Individualized therapy and Bayesian estimator of ganciclovir exposure after oral administration of valganciclovir in pediatric renal transplant patients
Wei Zhao (1,2,3), Véronique Baudouin (3,4), May Fakhoury (1,3), Georges Deschênes (3,4) Evelyne Jacqz-Aigrain (1,2,3)
1. Department of Pediatric Pharmacology and Pharmacogenetics, Hôpital Robert Debré, Assistance Publique - Hôpitaux de Paris, Paris, France 2. Clinical Investigation Center CIC9202, INSERM, Paris, France 3. Université Paris VII, Paris, France 4. Department of Pediatric Nephrology, Assistance Publique - Hôpitaux de Paris, Paris, France
Background: A population pharmacokinetic study of valganciclovir, the prodrug of ganciclovir active against cytomegaloviruses, was previously conducted in pediatric renal transplant patients (referred below as the building group including 22 patients and 164 concentrations). Individualized therapy of valganciclovir was developed based on modeling strategy and validated in the present study.

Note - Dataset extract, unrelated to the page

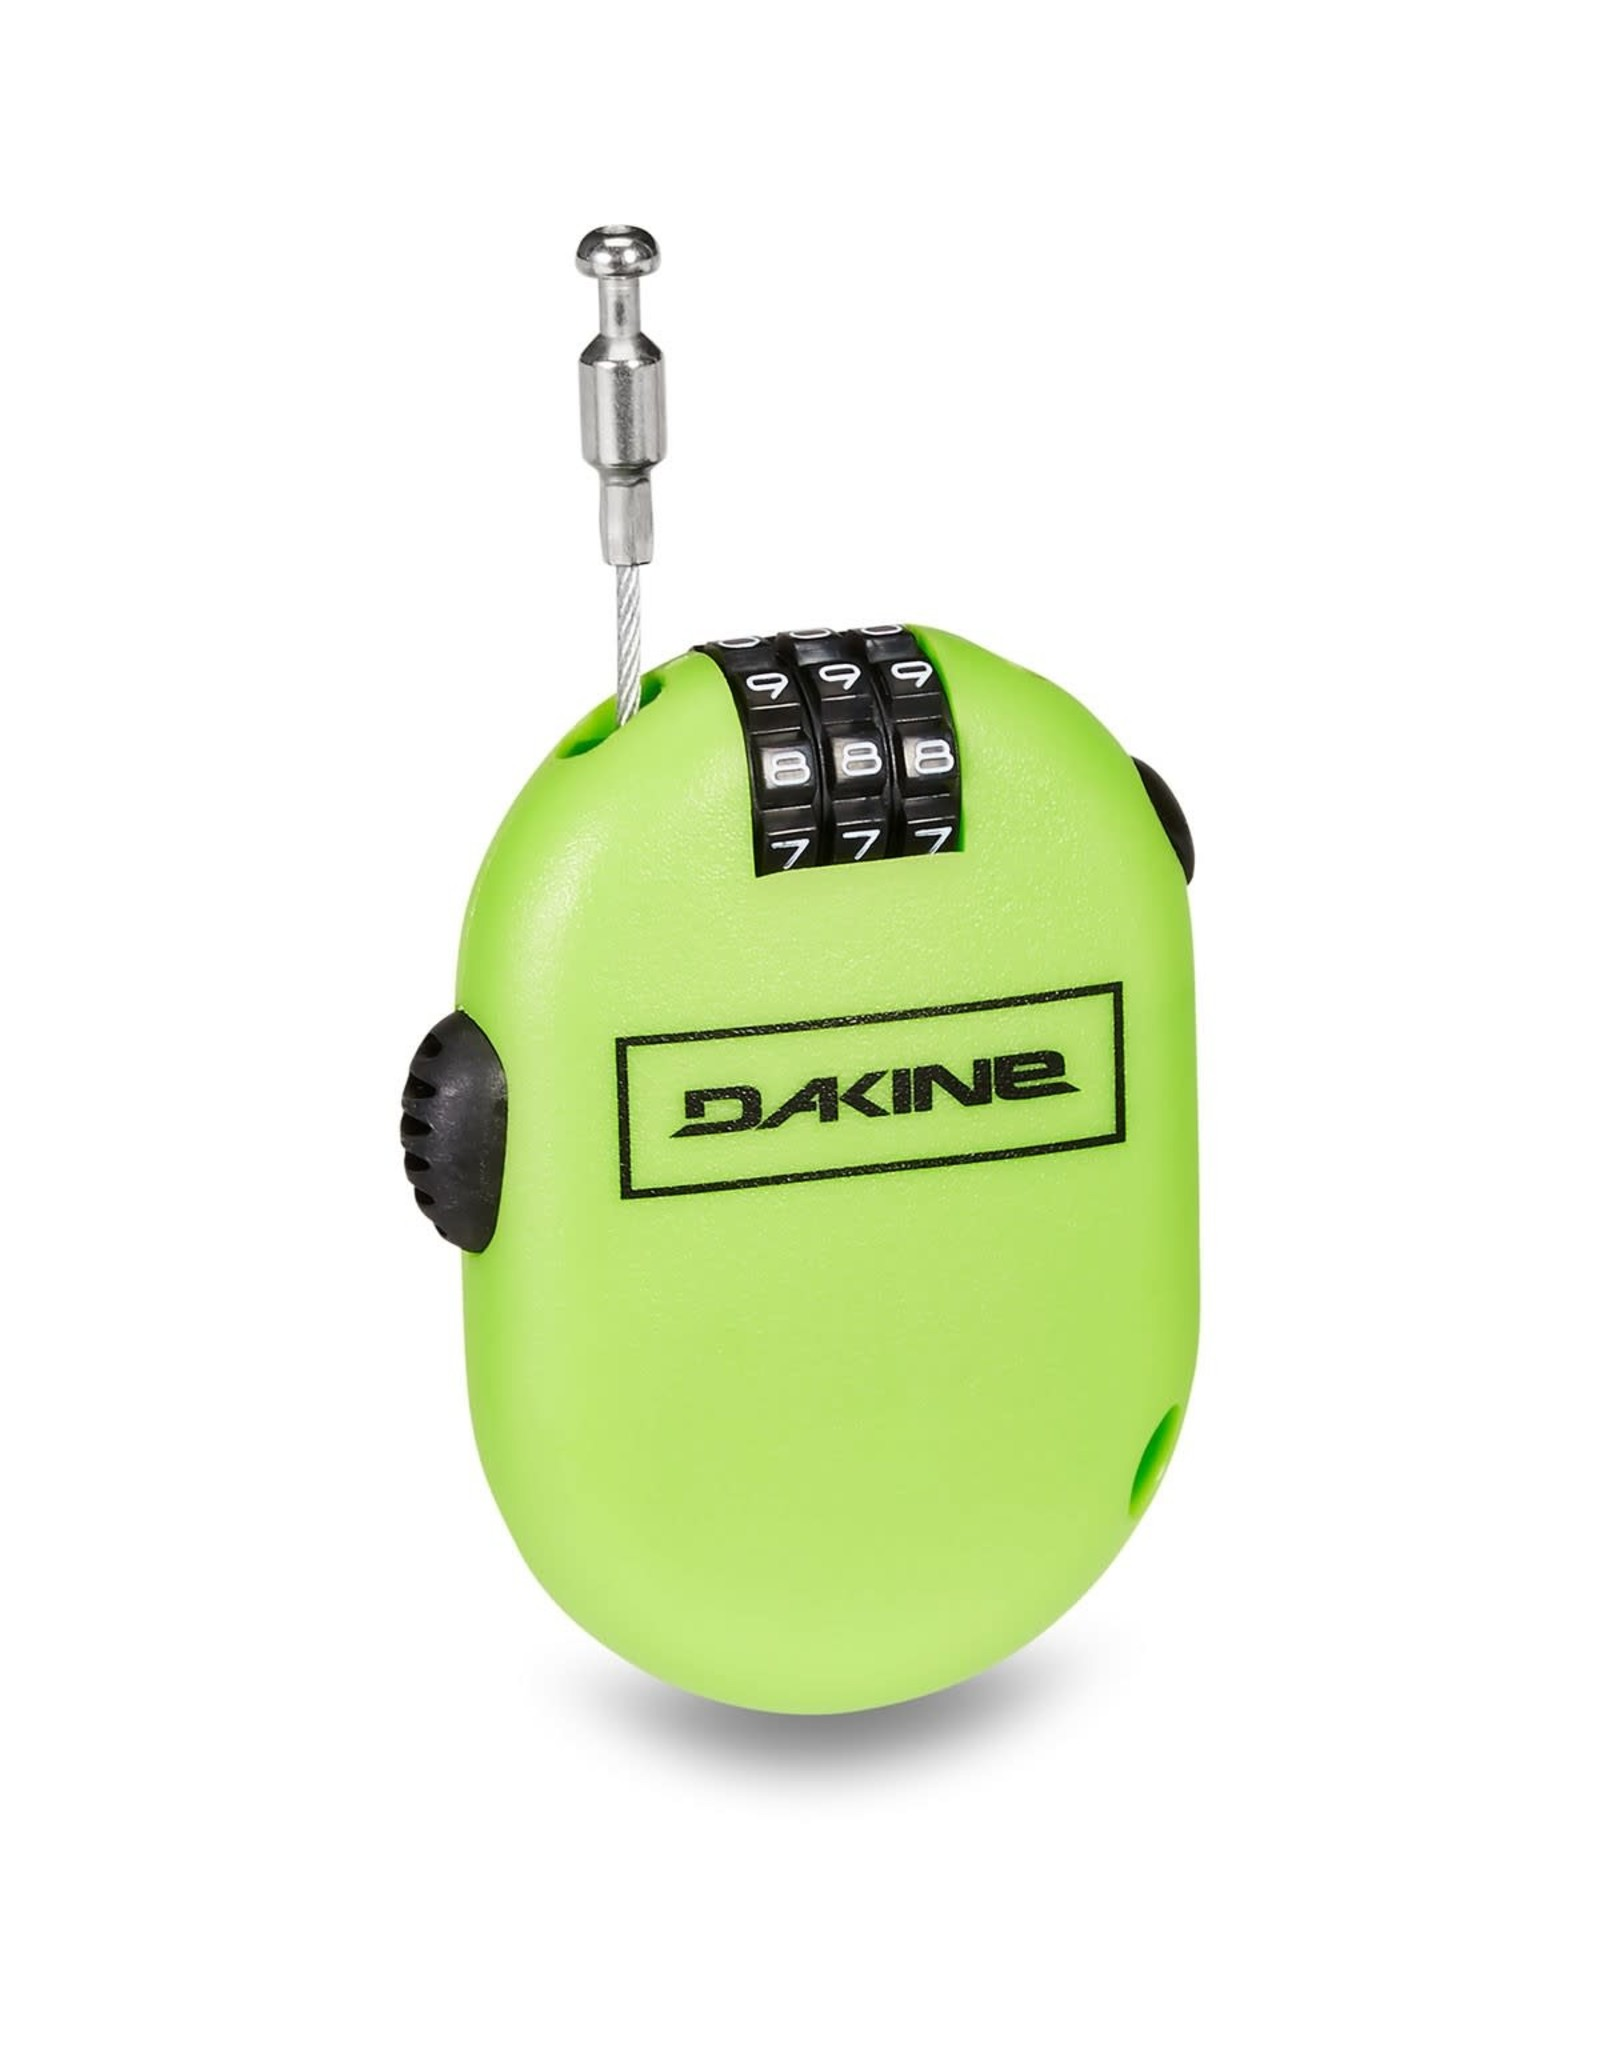 Dakine Dakine Micro Lock Cable Lock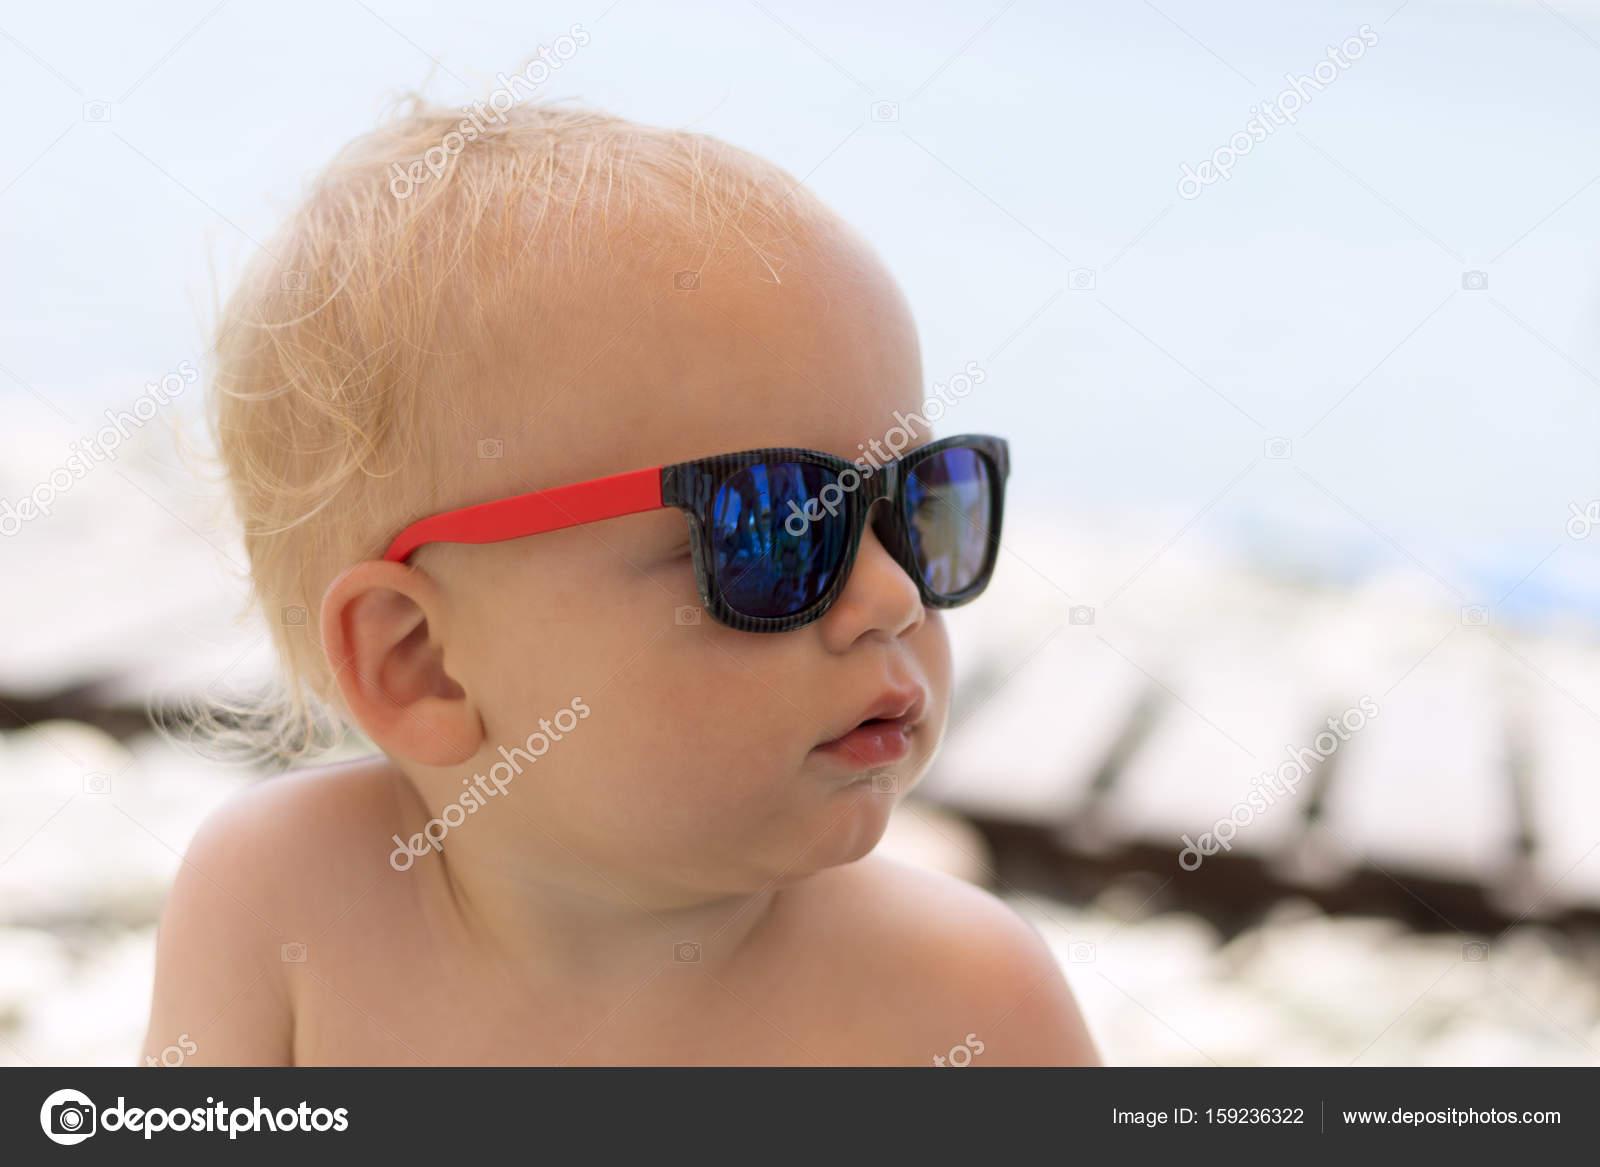 84d4a3fd0a Σοβαρή χαριτωμένο μικρό παιδί σε γυαλιά ηλίου στην παραλία — Εικόνα από ...

Methods: The Bayesian estimator of valganciclovir exposure was obtained from the population pharmacokinetic parameters of the model building group. External validation was performed in an independent validation group, which consists of pharmacokinetic profiles from 15 patients (7 samples per patient).
Results: The target area under the curve (AUC0-24) of 40 to 50μg•h/mL is recommended in both adult and pediatric organ transplant patients. The current pediatric dosage regimen (Pediatric Dose (mg) = 7 x BSA x Creatinine clearance) does not always allow to reach the target but may be associated with either under or overdosing, even when taking into account identified covariates such as creatinine clearance and body surface area, The individual observed concentrations were well predicted by the model in the validation group. The Bayesian estimator of exposure using T0, T2 and T4 gave the best prediction of individual AUC. Mean prediction error was 0.1% [95%CI -4.1% to 4.0%] and mean prediction precision was less than 21.3%. Bland and Altman analysis showed that the average difference between measured and estimated AUCs was -0.27µg*h-1ml-1 (range -8.9 to 9.0µg*h-1ml-1).
Conclusion: AUC based dosage adaptation was necessary to optimize individual therapy in paediatric renal transplanted patients as variability is high. The Bayesian estimator of valganciclovir exposure, using three concentrations measured just before (T0) and 2 and 4 hours after drug intake was validated in the present study and can be used to accurately predict individual AUC. It will be useful to individualize valganciclovir therapy in pediatric renal transplant patients.
Zhao W, Baudouin V, Zhang D, Deschênes G, Le Guellec C, Jacqz-Aigrain E.Population pharmacokinetics of ganciclovir following administration of valganciclovir in paediatric renal transplant patients.Clin Pharmacokinet. 2009;48(5):321-8.